Genetic Epidemiology | 2009
Sheng Luo; Bhramar Mukherjee; Jinbo Chen; Nilanjan Chatterjee
Population‐based case‐control design has become one of the most popular approaches for conducting genome‐wide association scans for rare diseases like cancer. In this article, we propose a novel method for improving the power of the widely used single‐single‐nucleotide polymorphism (SNP) two‐degrees‐of‐freedom (2 d.f.) association test for case‐control studies by exploiting the common assumption of Hardy‐Weinberg Equilibrium (HWE) for the underlying population.
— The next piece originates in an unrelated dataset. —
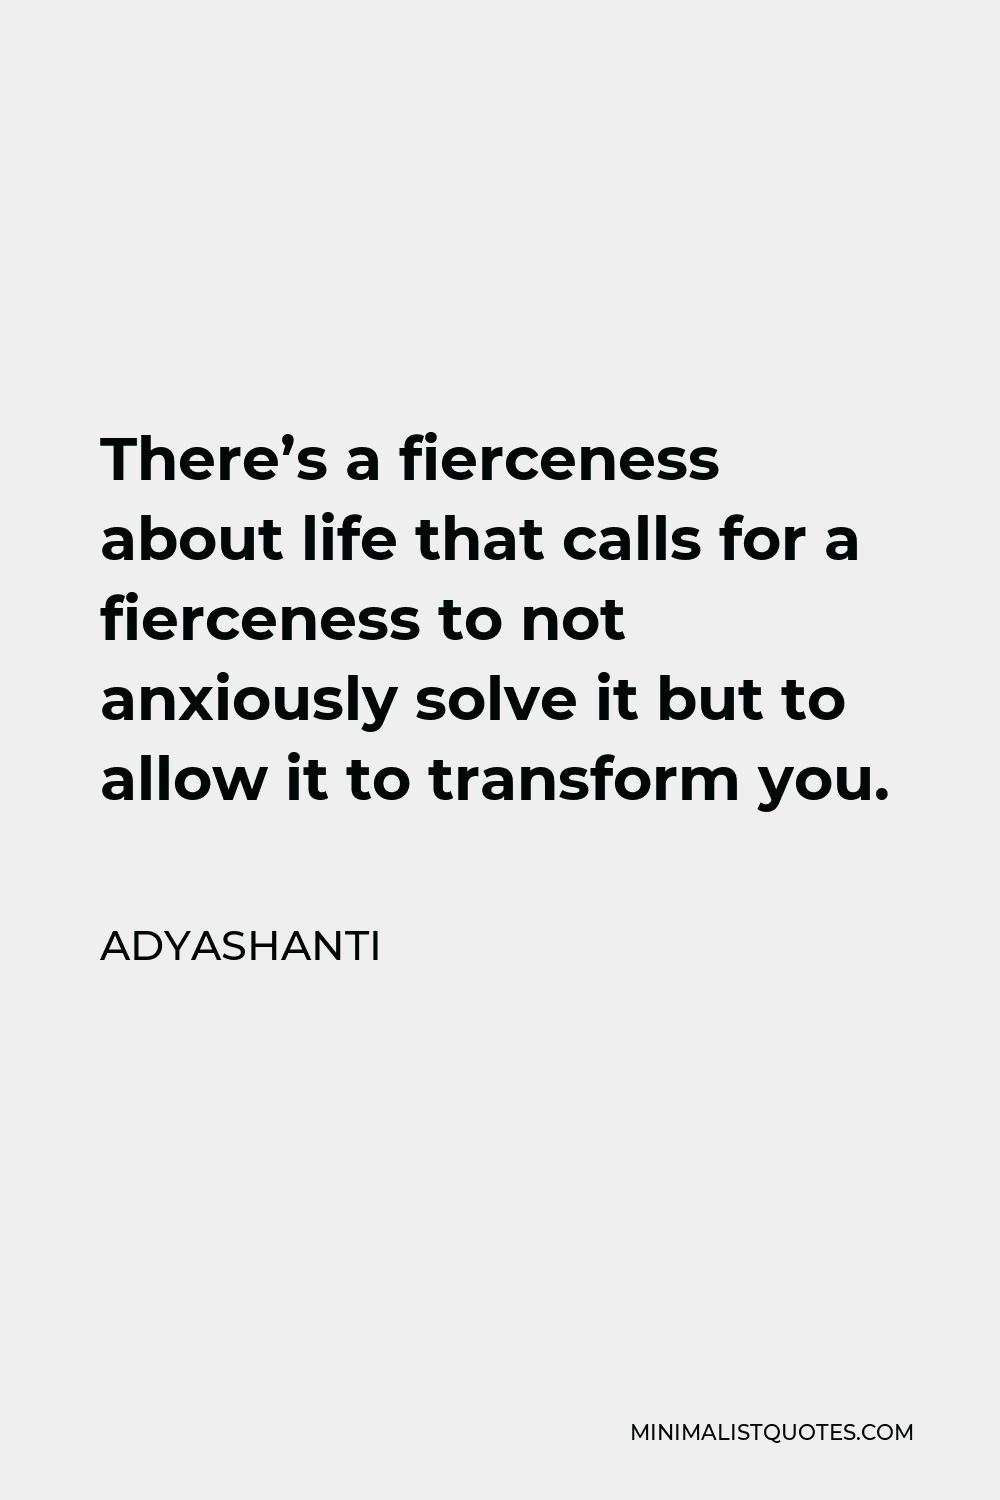 Adyashanti Quote - There’s a fierceness about life that calls for a fierceness to not anxiously solve it but to allow it to transform you.

A key feature of the method is that it can relax the assumed model constraints via a completely data‐adaptive shrinkage estimation approach so that the number of false‐positive results due to the departure of HWE is controlled. The method is computationally simple and is easily scalable to association tests involving hundreds of thousands or millions of genetic markers. Simulation studies as well as an application involving data from a real genome‐wide association study illustrate that the proposed method is very robust for large‐scale association studies and can improve the power for detecting susceptibility SNPs with recessive effects, when compared to existing methods. Implications of the general estimation strategy beyond the simple 2 d.f. association test are discussed. Genet. Epidemiol. 33:740–750, 2009. Published 2009 Wiley‐Liss, Inc.